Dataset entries

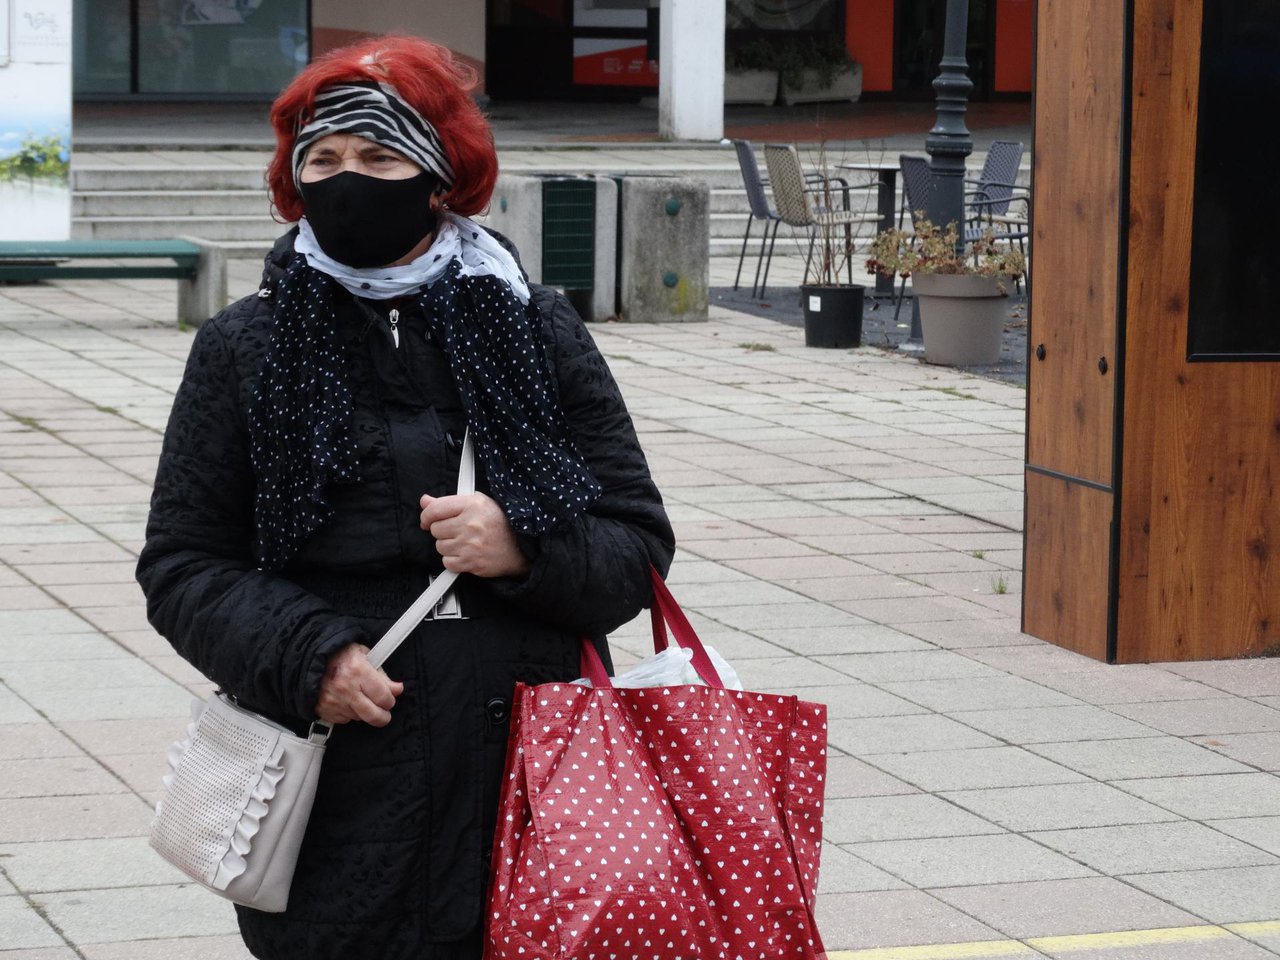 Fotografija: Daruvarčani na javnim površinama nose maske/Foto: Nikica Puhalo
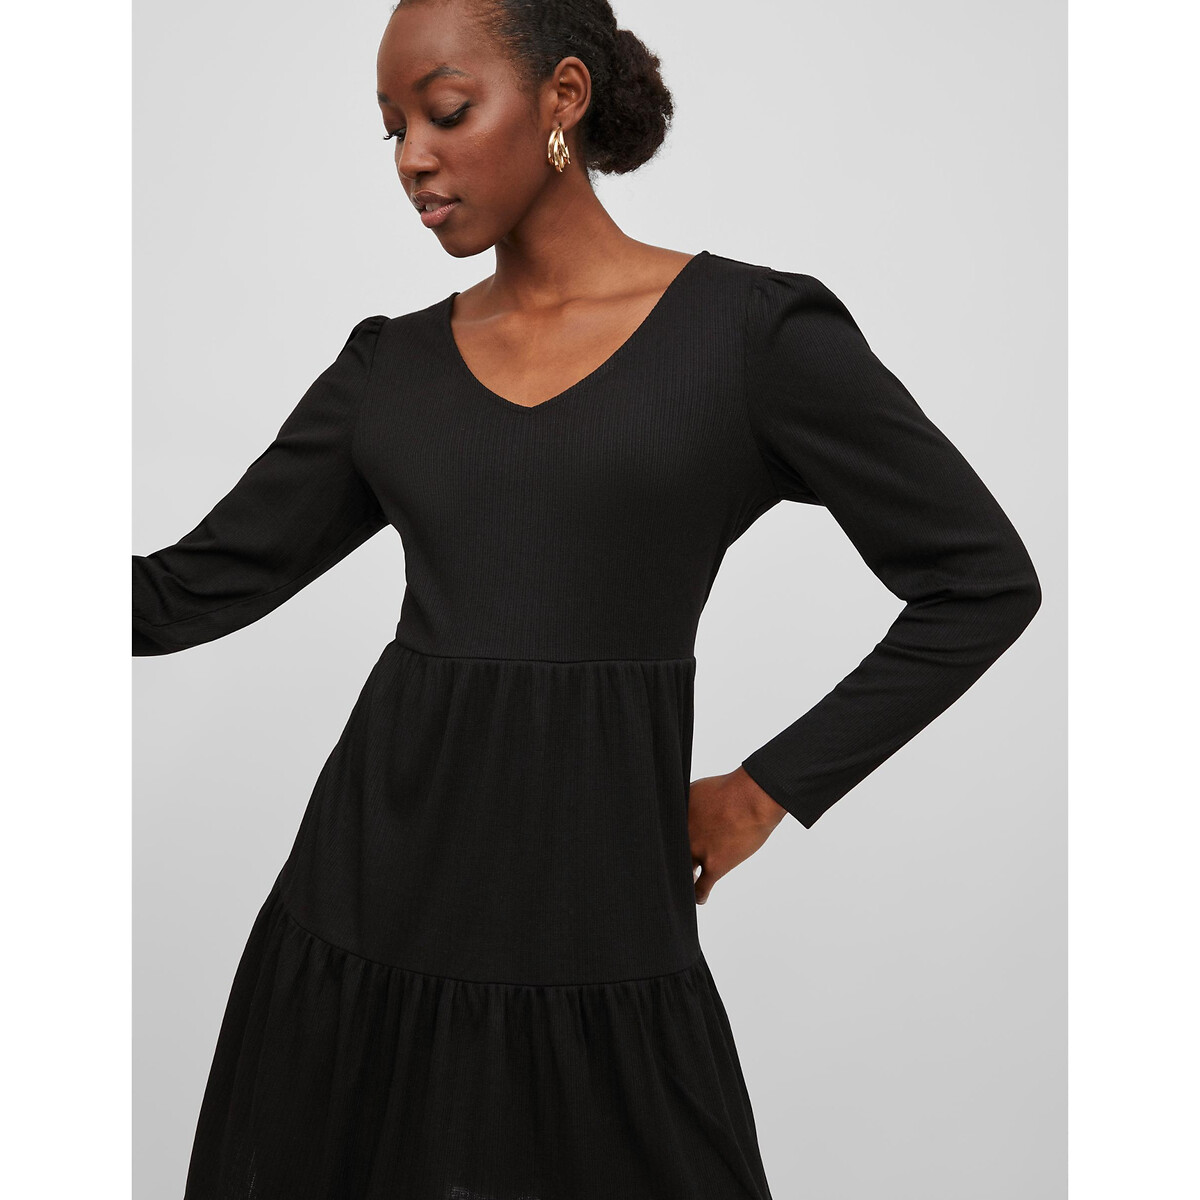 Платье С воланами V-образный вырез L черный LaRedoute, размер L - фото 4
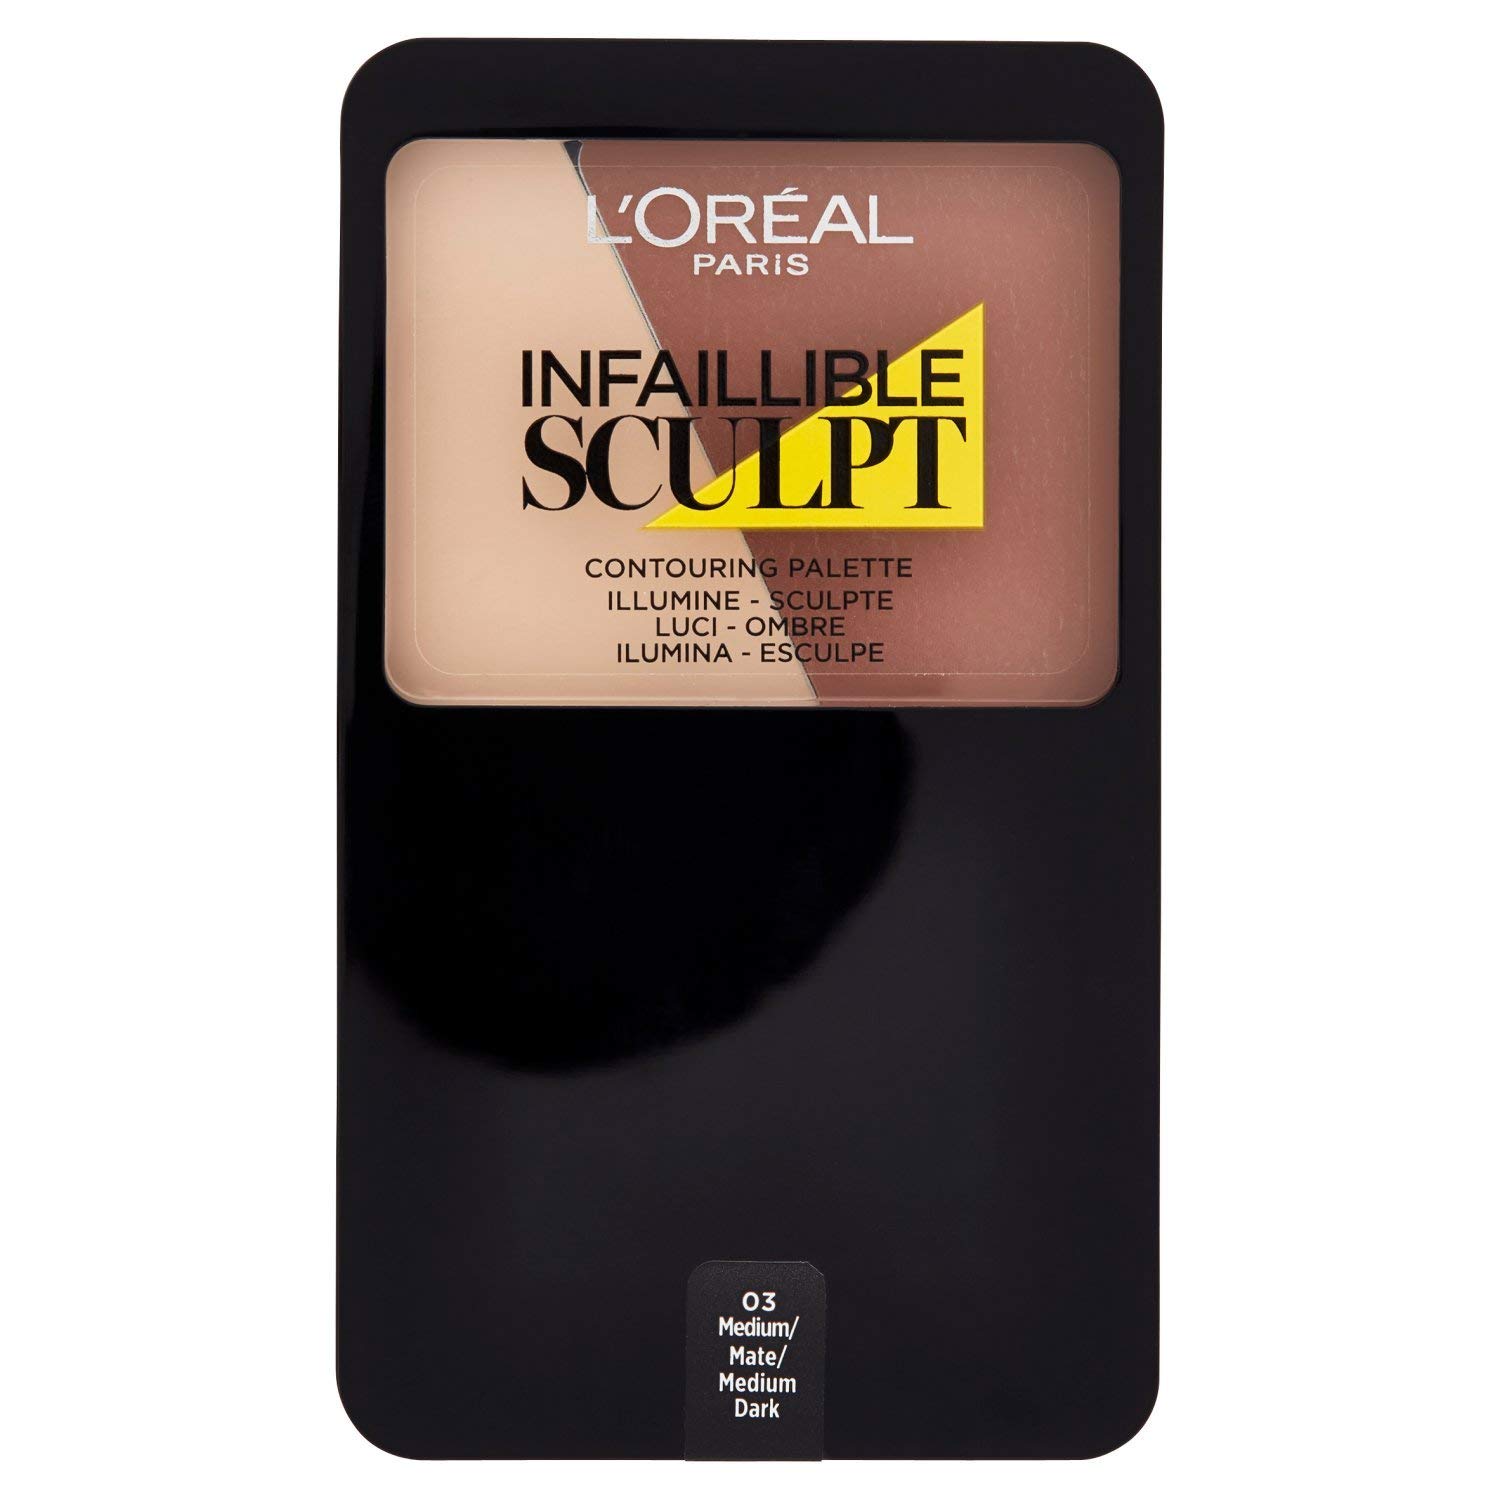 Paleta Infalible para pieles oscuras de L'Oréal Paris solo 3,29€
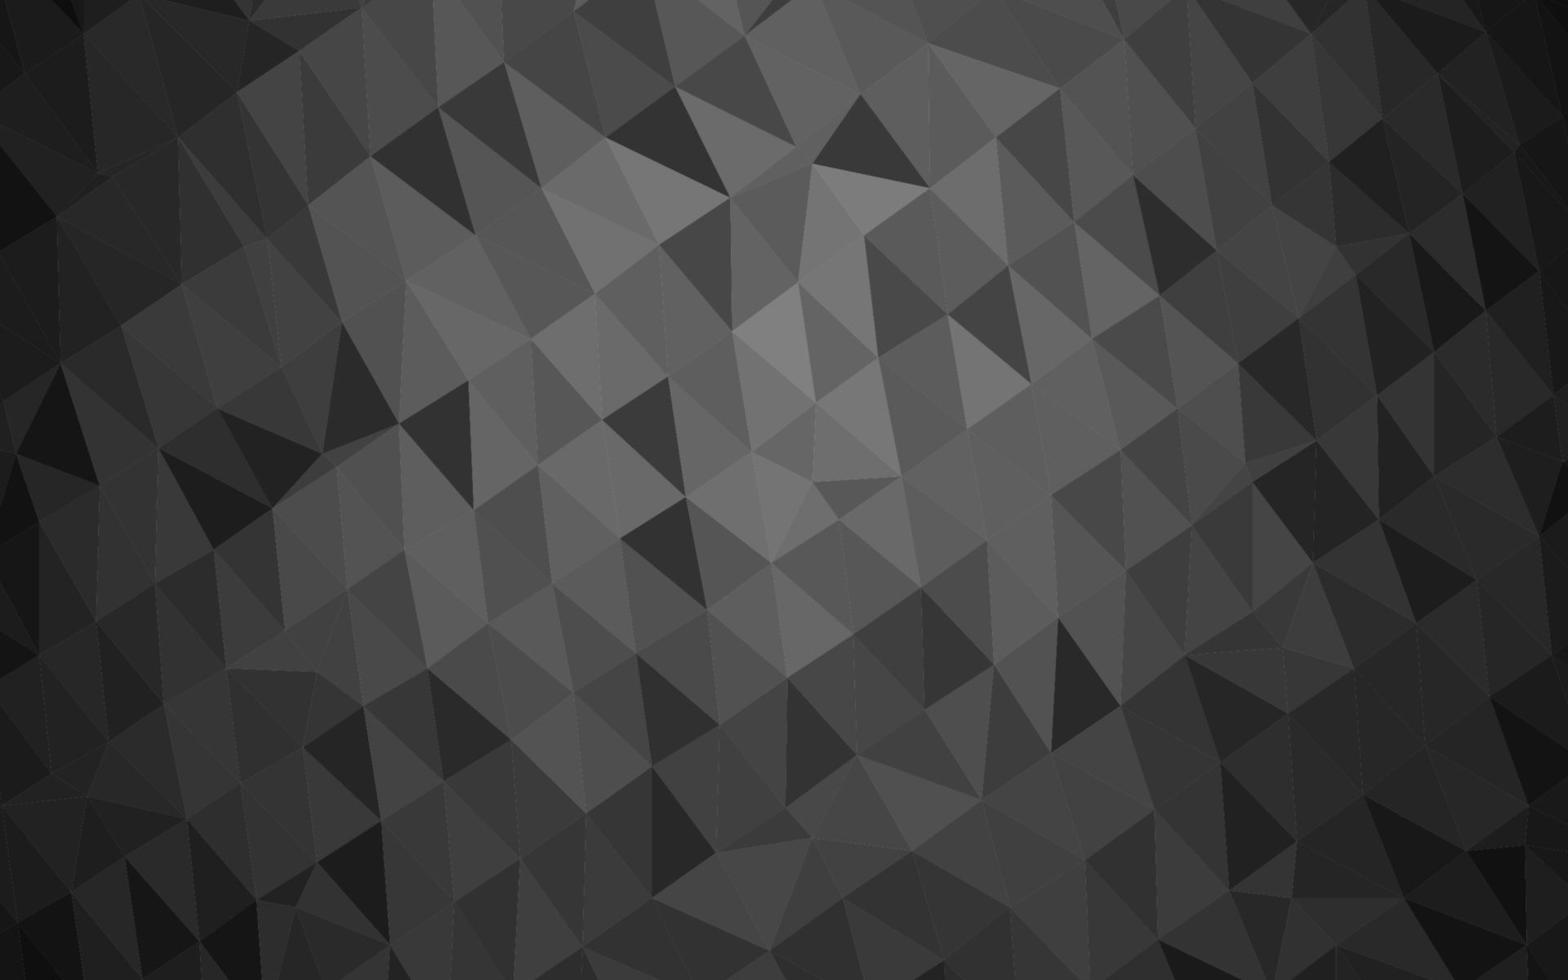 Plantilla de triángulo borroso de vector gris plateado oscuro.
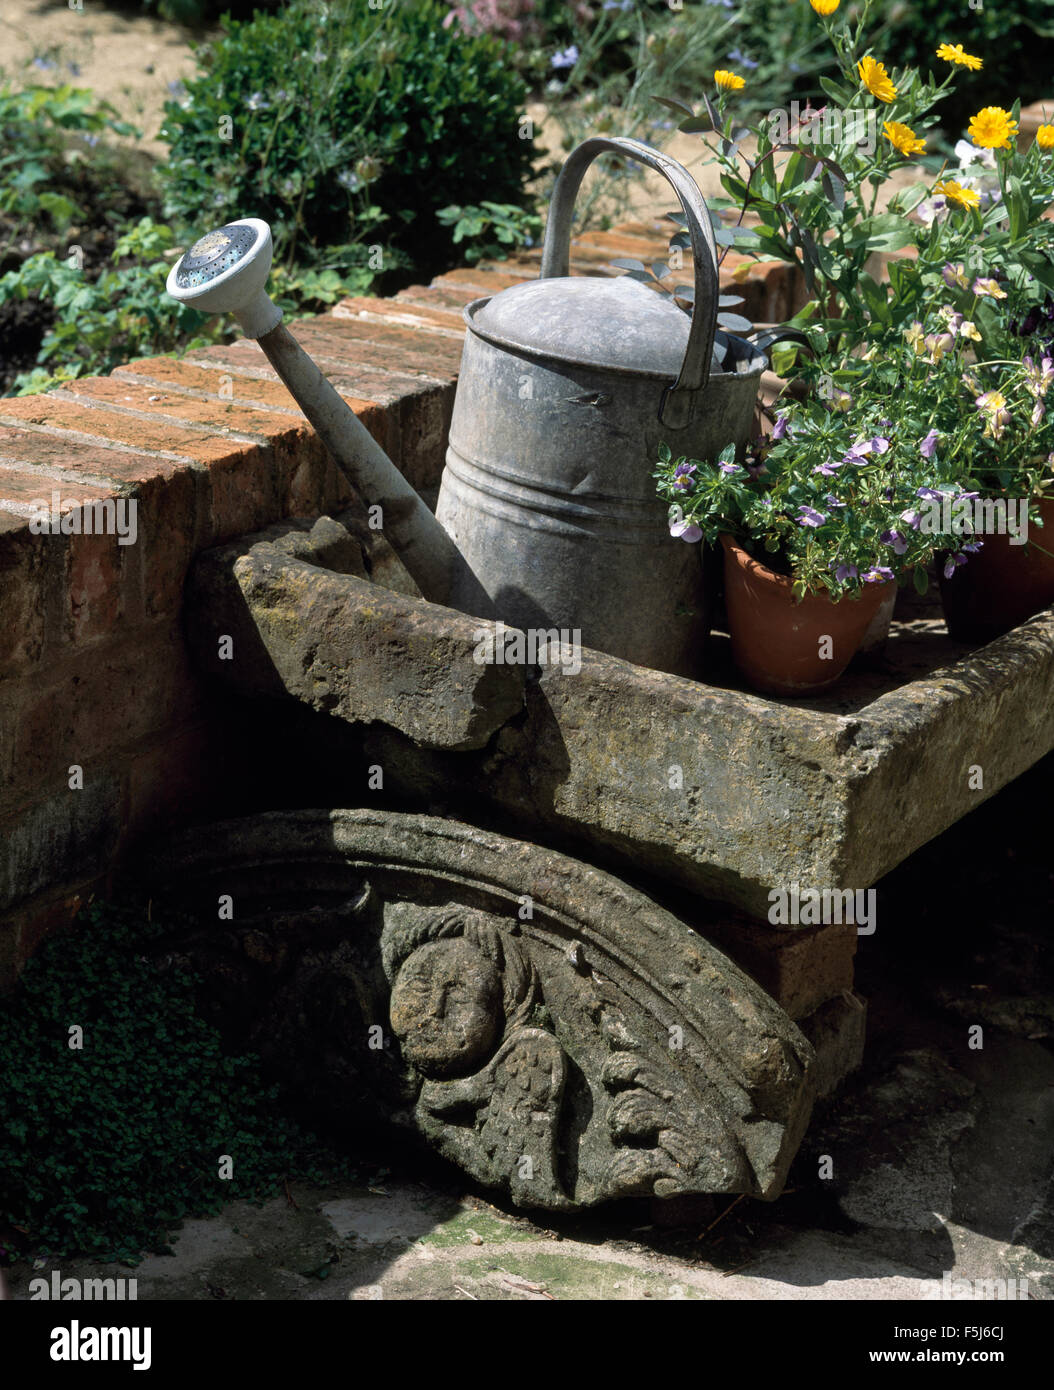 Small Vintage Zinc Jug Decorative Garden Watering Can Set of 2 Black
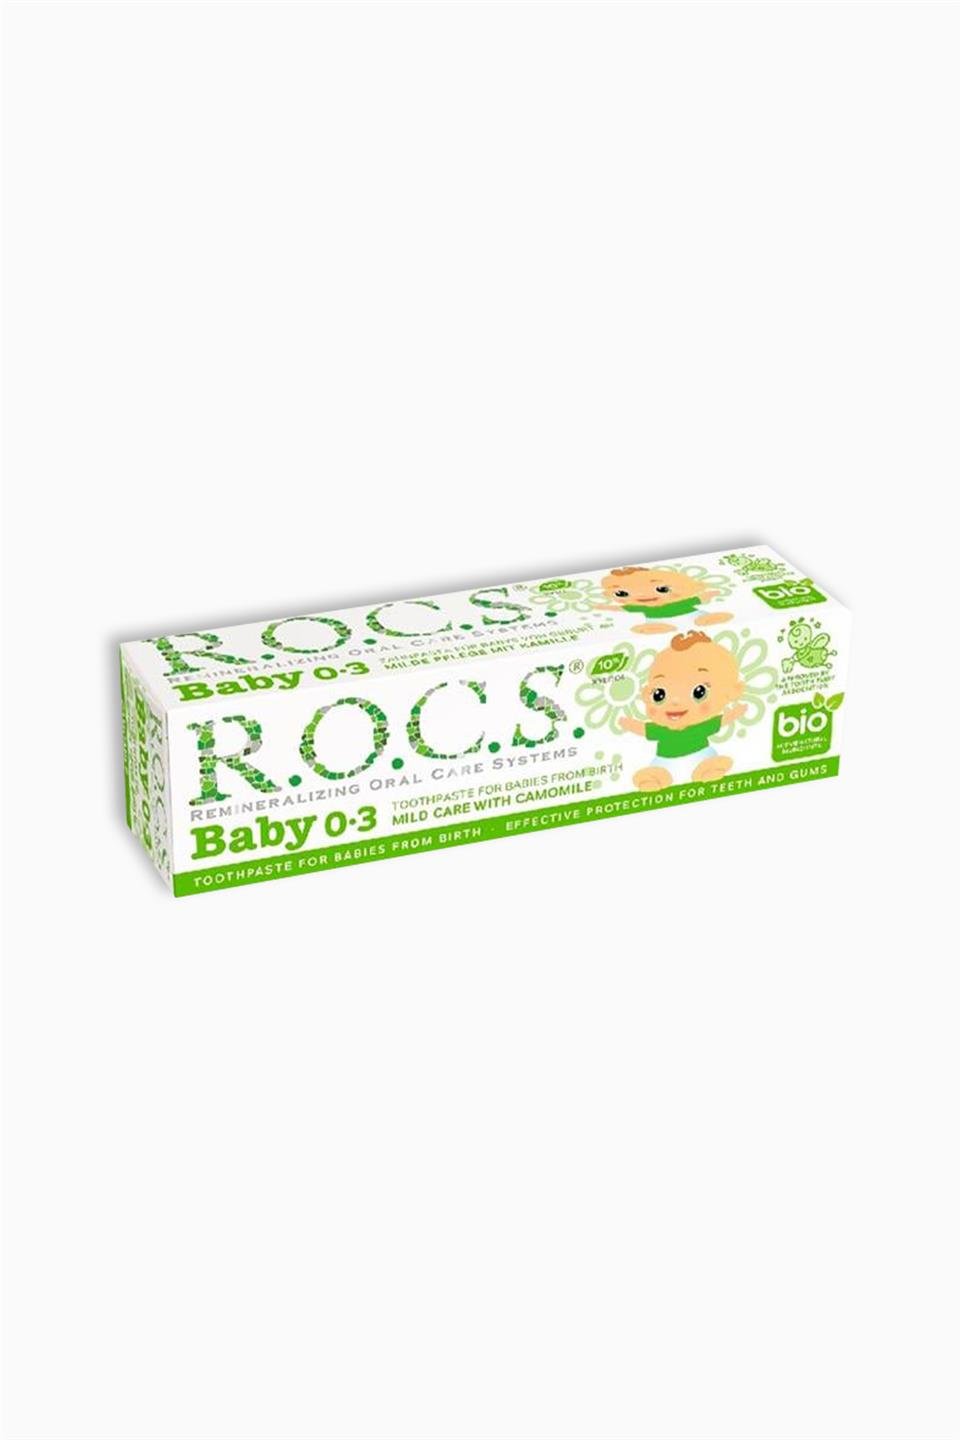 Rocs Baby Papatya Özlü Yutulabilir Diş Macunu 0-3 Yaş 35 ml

Exercise: In the records above, find the line containing "Платье С воланами". Reproduce it and every line after it through the last line, omitting pictures.

Your response:
 Платье С воланами V-образный вырез L черный LaRedoute, размер L - фото 4
 Paleta Infalible para pieles oscuras de L'Oréal Paris solo 3,29€
 Plantilla de triángulo borroso de vector gris plateado oscuro.
 Small Vintage Zinc Jug Decorative Garden Watering Can Set of 2 Black
 Rocs Baby Papatya Özlü Yutulabilir Diş Macunu 0-3 Yaş 35 ml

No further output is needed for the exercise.